The film’s final statement is a potent one, a warning about how the spectacle of social media flattens real tragedy, and how that digital performance can bleed into reality with devastating consequences.
Our Hero, Balthazar premiered at the Tribeca Film Festival on June 8, 2025, earning acclaim for its bold satire, sharp commentary on social media and modern masculinity, and standout performances—particularly from Martell and Butterfield.
Full Credits
Director: Oscar Boyson
Writers: Oscar Boyson, Ricky Camilleri
Producers and Executive Producers: Oscar Boyson, Ricky Camilleri, Jon Wroblewski, David Duque-Estrada, Miles Skinner, Alex Hughes, Jaeden Martell, Scott Aharoni, Sinan Eczacibasi, Alihan Yalcindag, Noah Centineo, Enzo Marc, Alex Black, Riccardo Maddalosso, Eugene Kotlyarenko, Nathan Wing, Del Eswar, Grace Zander, D.J. Jiang, Nicholas Erickson, Anna-Nora Bernstein, Zak Williams, Christian Sosa, Peter Gold, Blaine Kern III, Pir Granoff
Cast: Jaeden Martell, Asa Butterfield, Chris Bauer, Jennifer Ehle, Anna Baryshnikov, Noah Centineo, Becky Ann Baker, Avan Jogia, Pippa Knowles
Director of Photography (Cinematographer): Christopher Messina
Editors: Nate DeYoung, Erin DeWitt
Composer: James William Blades
The Review
Our Hero, Balthazar
Our Hero, Balthazar is a brilliant, uncomfortable, and essential piece of satire for our extremely online times. It functions as a grim character study and a sharp cultural critique, powered by two stunningly transformative performances from Jaeden Martell and Asa Butterfield. The film’s relentless energy and bleak humor will not be for everyone, but for those willing to engage with its difficult questions, it offers a potent and disturbingly accurate reflection of a society performing its own anxiety. It’s a fantastic, unnerving achievement that will stick with you long after the credits roll.
PROS
- Incisive and timely satire of online culture and performative emotion.
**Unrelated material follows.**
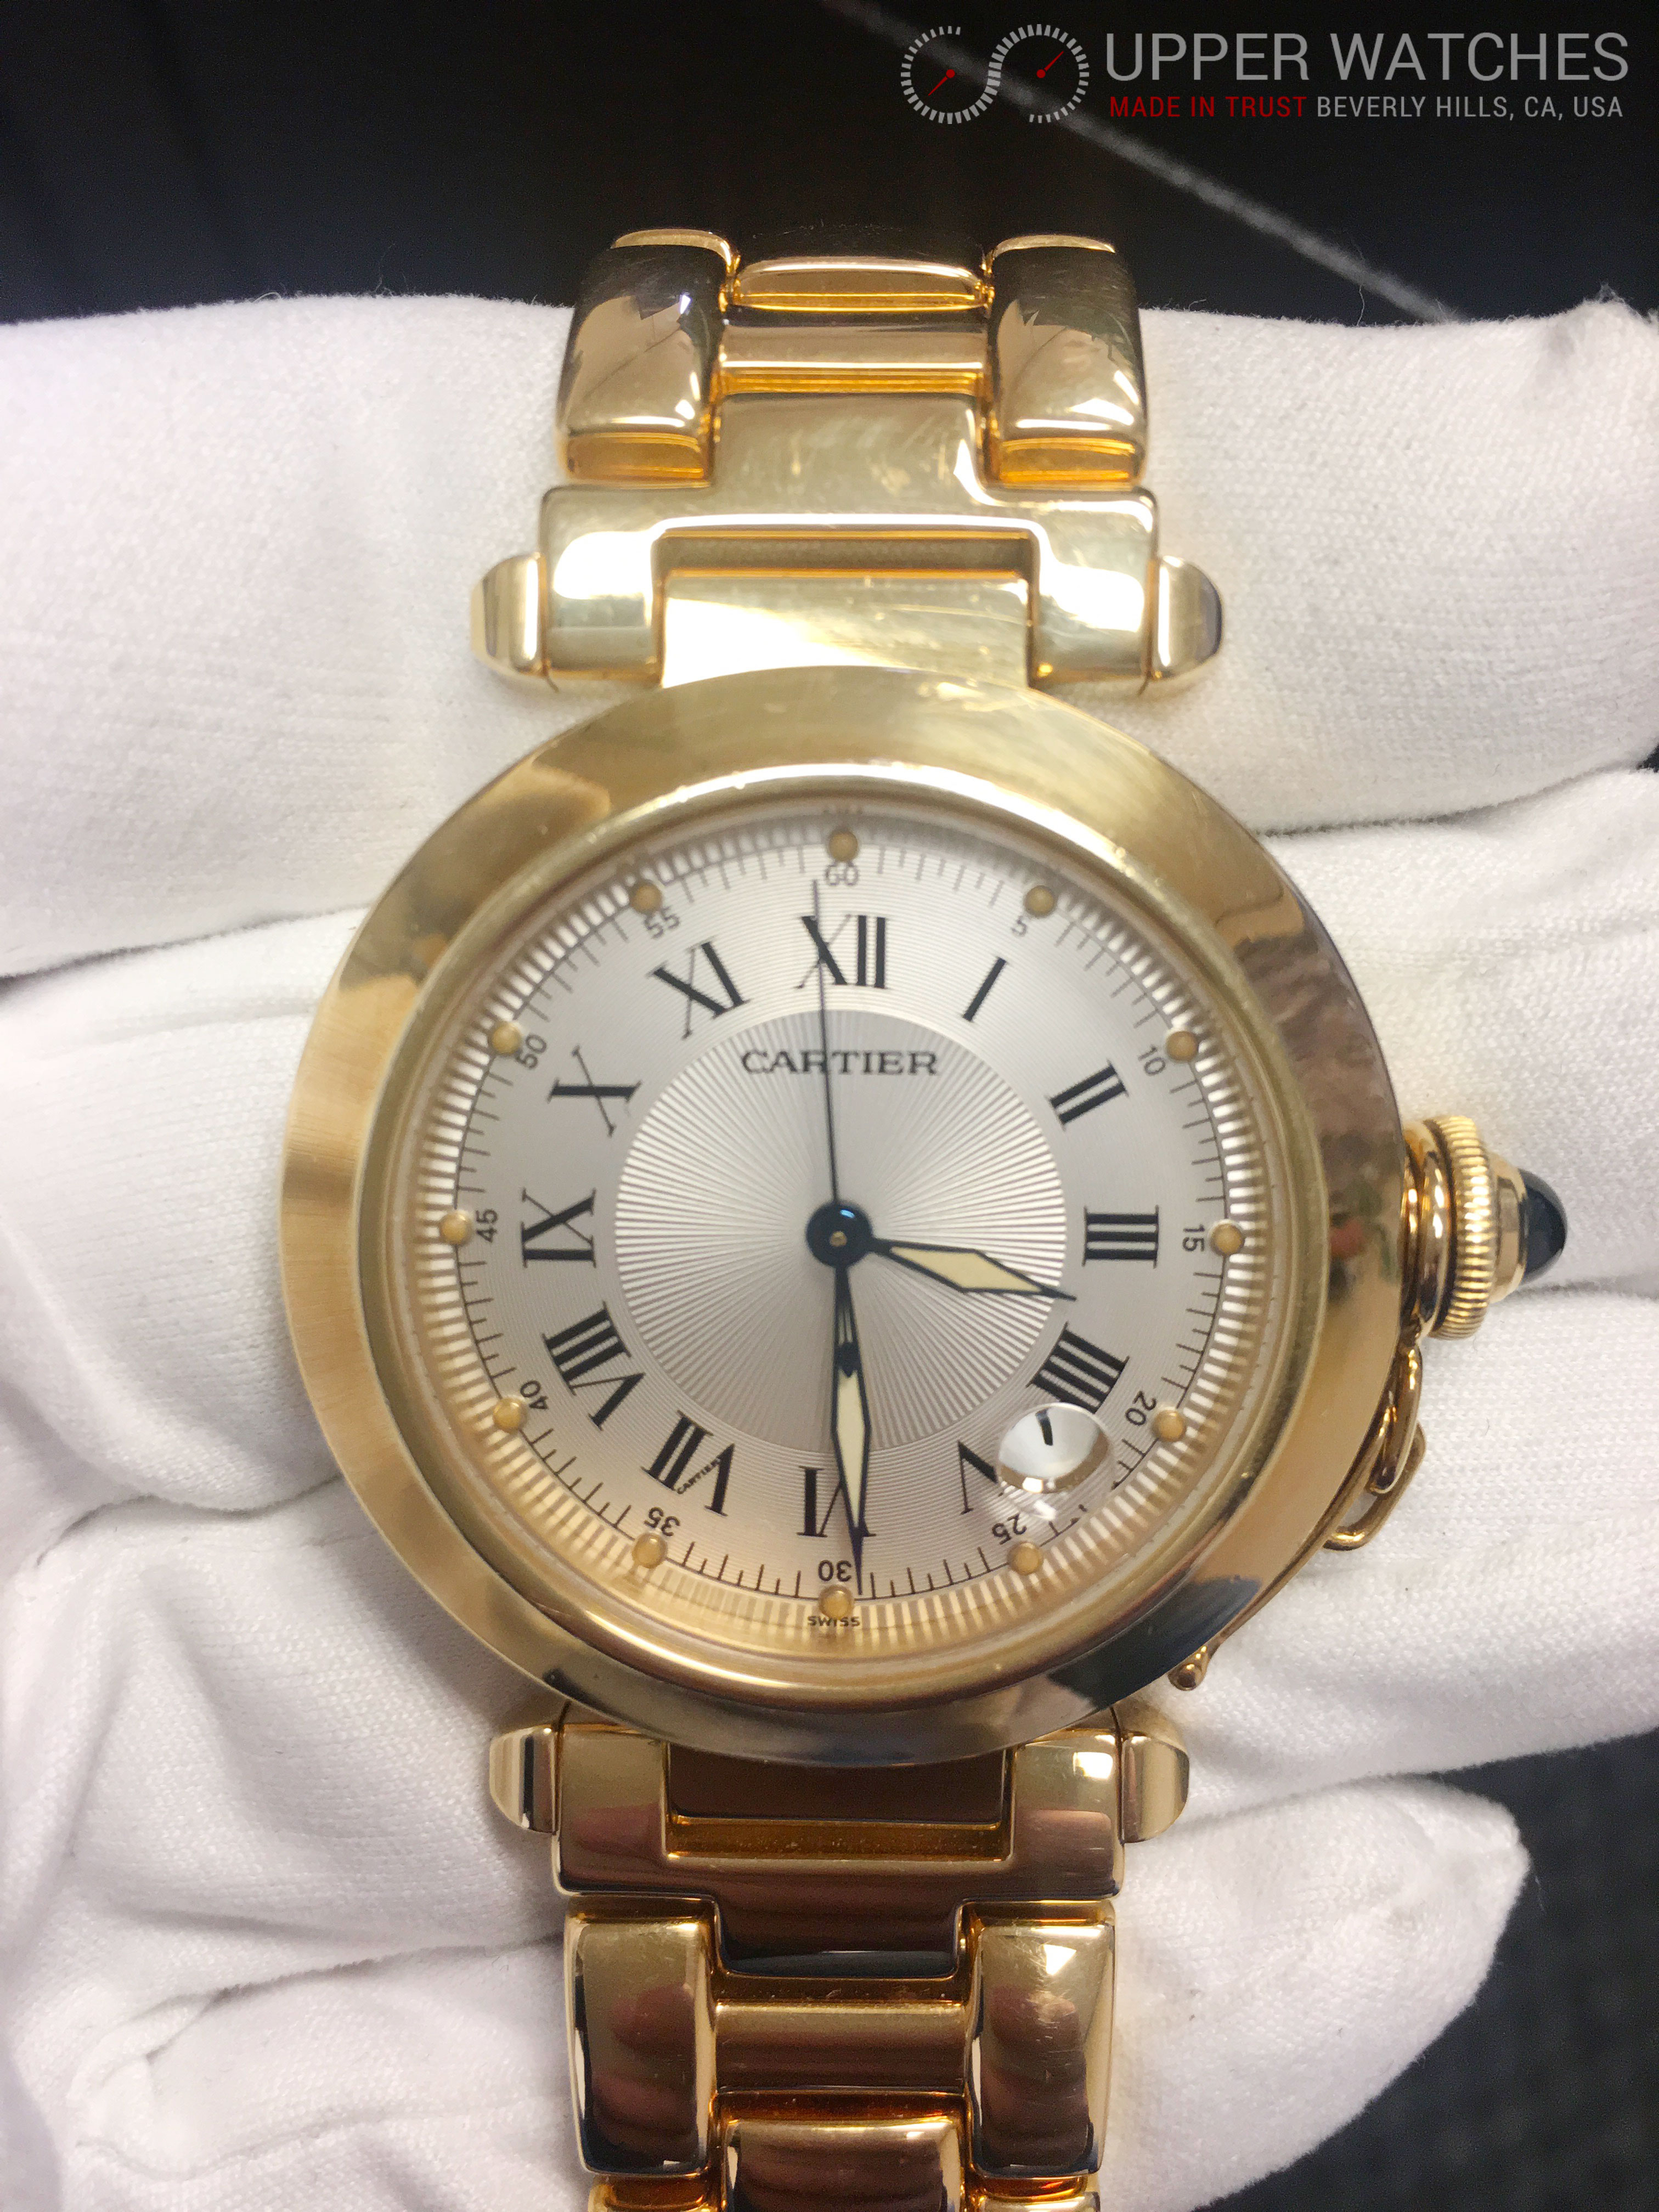 Cartier Pasha 18K Yellow Gold 1028 - Upper Watches

- Phenomenal, career-best performances from Jaeden Martell and Asa Butterfield.
- A tense, restless directorial style that amplifies the story's themes.
- Unflinching in its exploration of male loneliness and class divides.
CONS
- The relentlessly bleak tone may alienate some viewers.
- Its cynical perspective offers little in the way of comfort or easy answers.
- Could be perceived as provocative for the sake of being provocative.